Bionika Pharmaceuticals meets the requirements of internationally recognized quality standards that apply to the production and quality of pharmaceuticals. This is confirmed by regular inspections of domestic and international authorities, as well as checks by our customers and partners.
In 2012, Bioniкa Pharmaceuticals received a Certificate of GMP Compliance of a Manufacturer from the Ministry of Health for packaging and quality control of solid, liquid, semi-solid and gaseous dosage forms. Same year, our company also received a Decision on Registration in the Register of Food Facilities and Operators from the Food and Veterinary Agency for the production of food supplements.

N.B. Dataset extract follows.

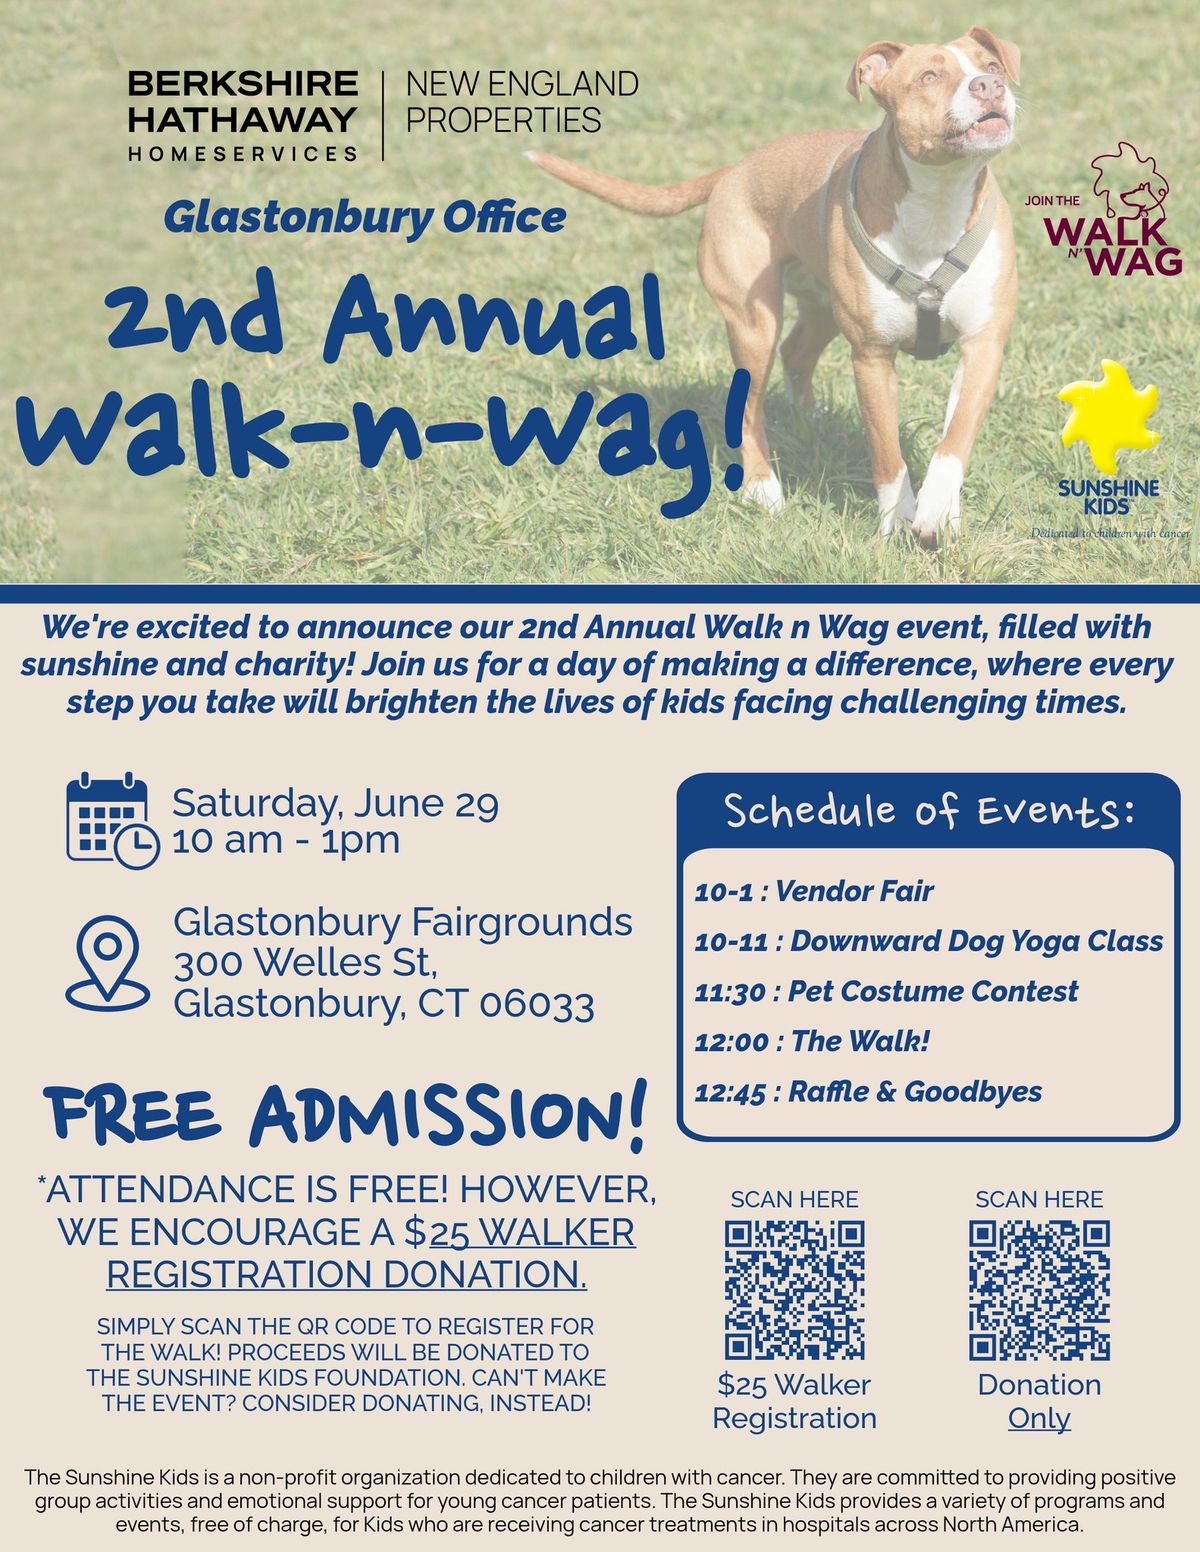 2nd Annual Walk-n-Wag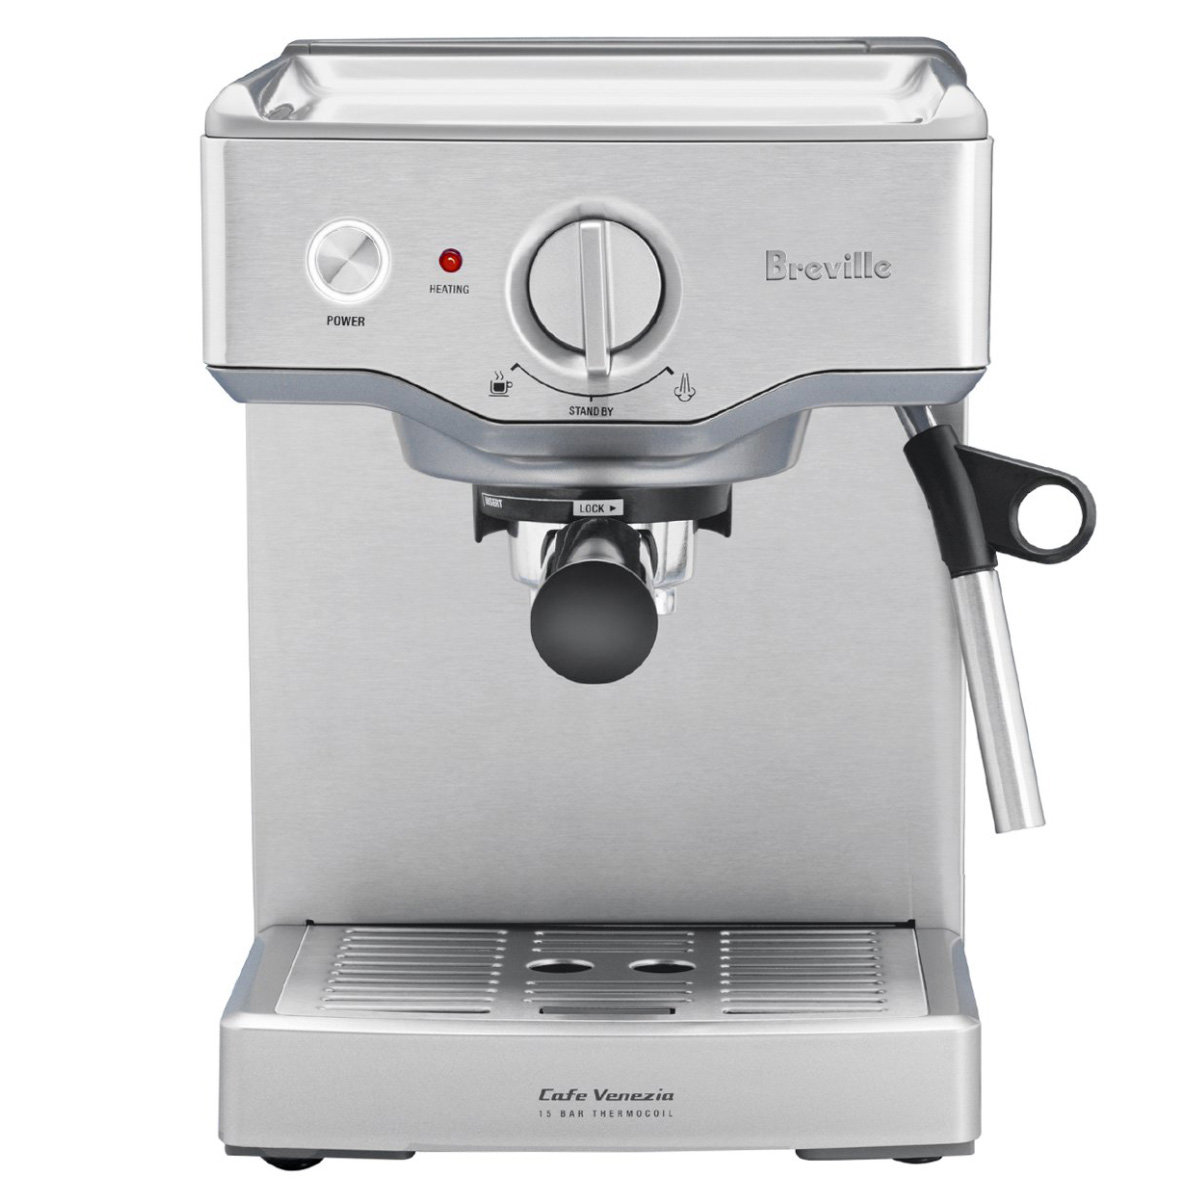 NEW Breville BES250BSS Cafe Venezia Coffee Machine ...

In 2015, Bionika Pharmaceuticals launched its new section for the production of solid dosage forms: suppositories and pessaries, semi-solid and liquid dosage forms, built in compliance with European and international GMP requirements and in March obtained the Decision on Reistration for production of cosmetic products, issued by the Ministry of Health. In 2019, the production of solid dosage forms: suppositories and pessaries, semi-solid and liquid dosage forms, packaging and quality control was verified with the EU Certificate of GMP Compliance of a Manufacturer from the Agency for Medicinal Products and Medical Devices of the Republic of Slovenia. Also in May 2017, Bionika Pharmacutical was awarded with а certificate of appreciation for a long and successful cooperation from the Pharmacеutical Chamber of the Republic of North Macedoniа. Our quality management system follows the principles and norms of Good Manufacturing Practice, as well as other applicable international standards and is implemented in our company with the aim of creating, maintaining and continually improving the quality of our products.